### WHAT YOU NEED TO DO
Please retype the data in full and exactly; the pictures are not part of the copy.
DATASET EXCERPT Block Start
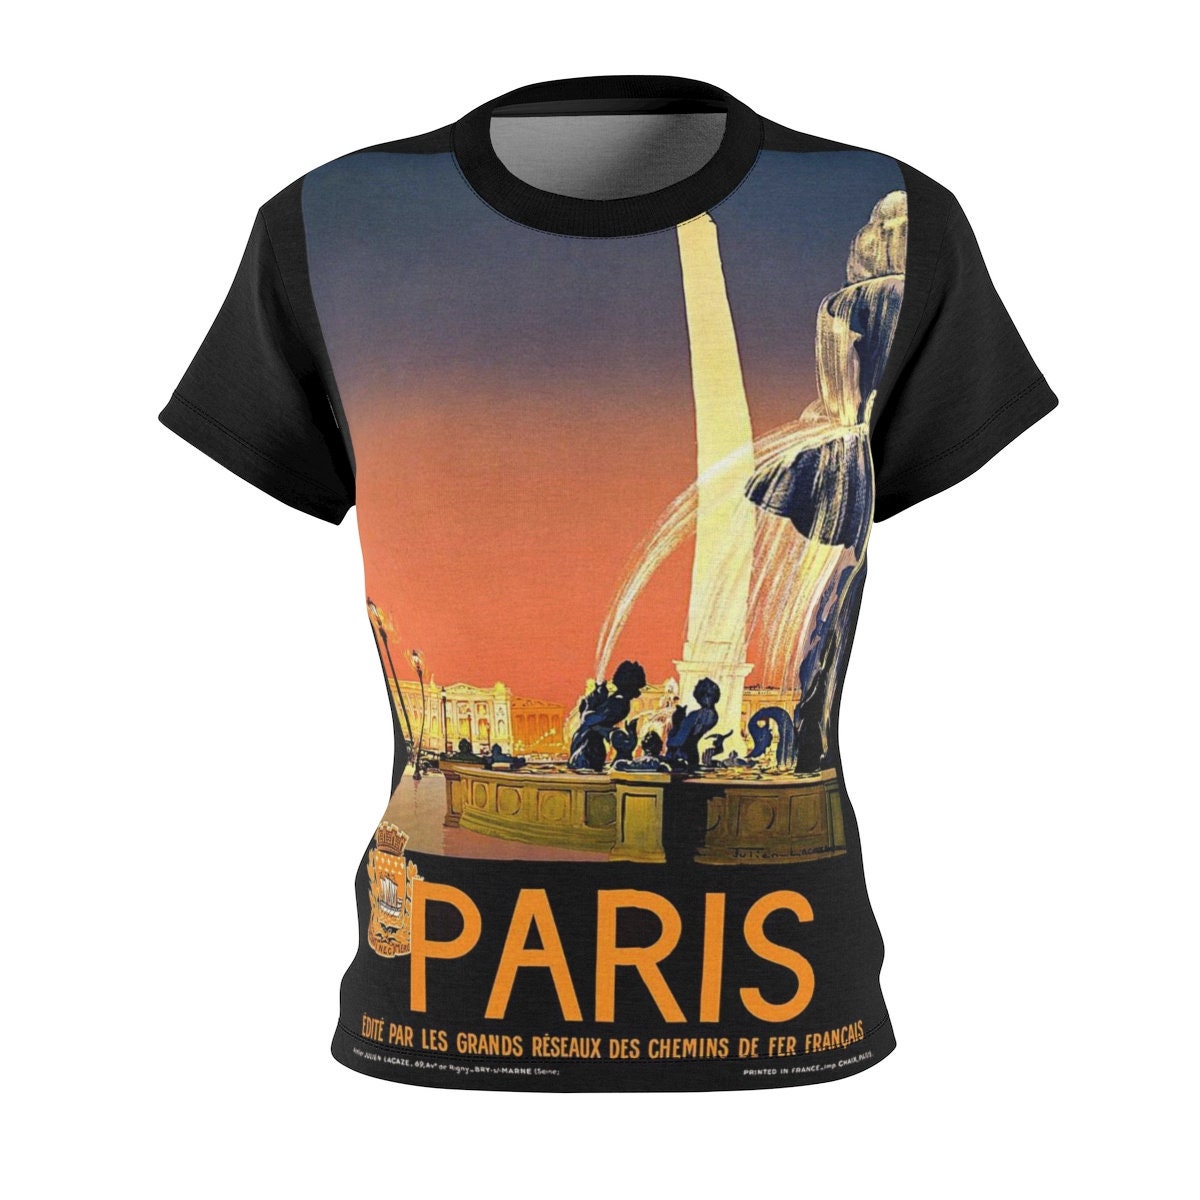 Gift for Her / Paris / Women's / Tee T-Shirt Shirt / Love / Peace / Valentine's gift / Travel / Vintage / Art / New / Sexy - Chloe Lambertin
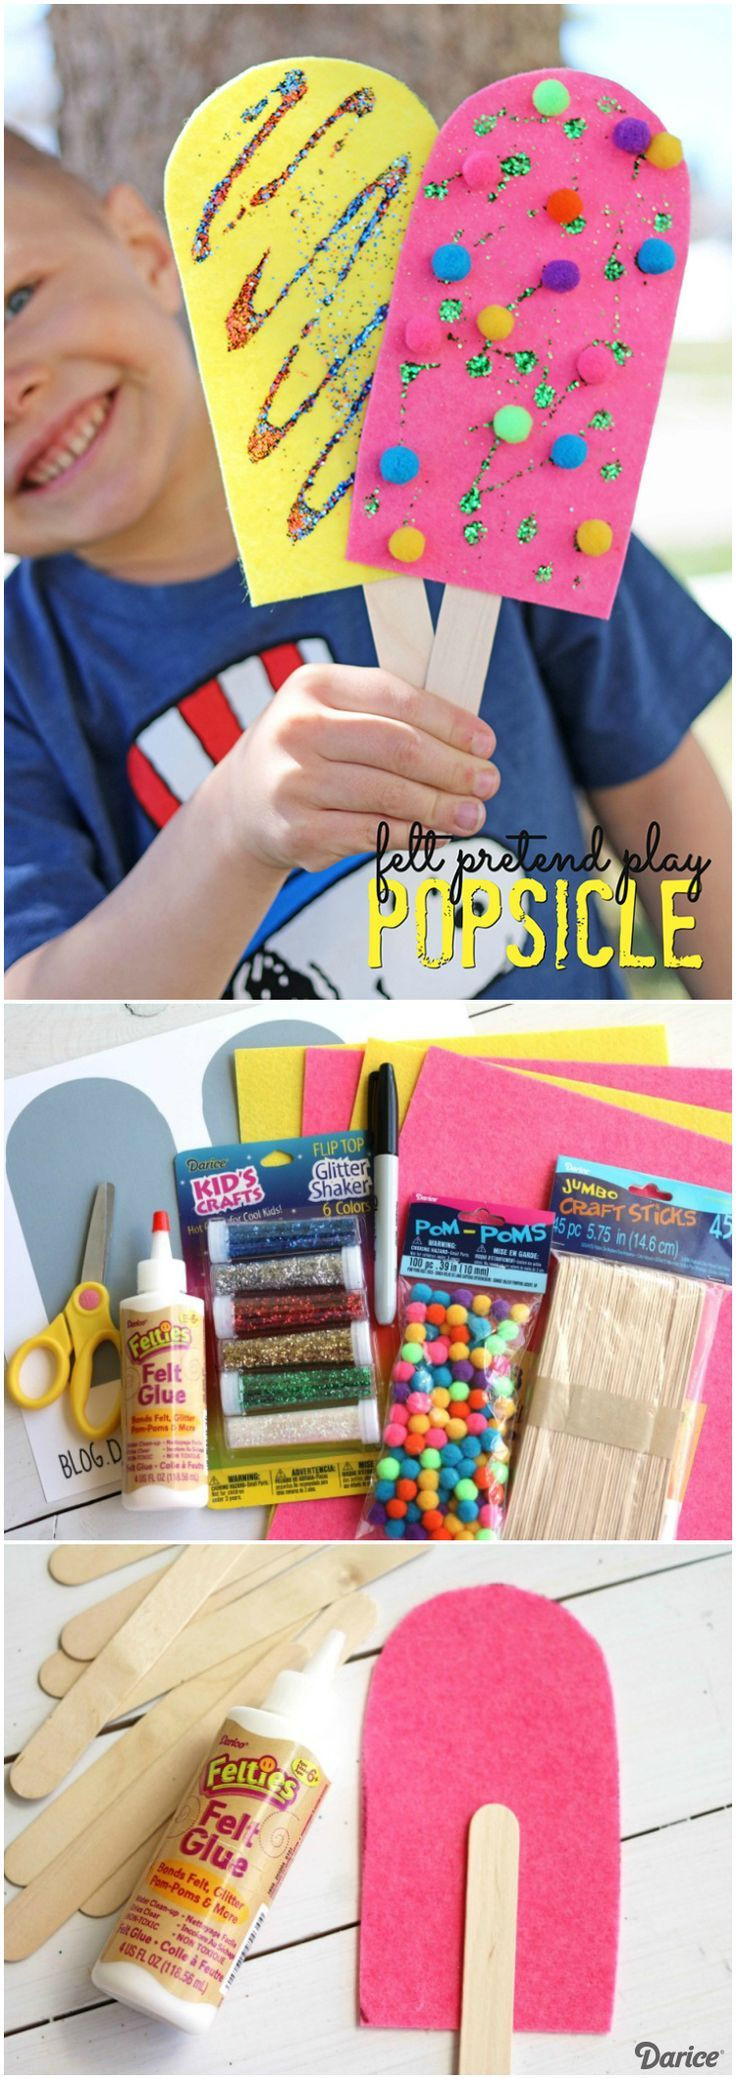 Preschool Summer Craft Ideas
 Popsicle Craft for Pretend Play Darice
DATASET EXCERPT Block End
### TASK SOLUTION
 Gift for Her / Paris / Women's / Tee T-Shirt Shirt / Love / Peace / Valentine's gift / Travel / Vintage / Art / New / Sexy - Chloe Lambertin
 Preschool Summer Craft Ideas
 Popsicle Craft for Pretend Play Darice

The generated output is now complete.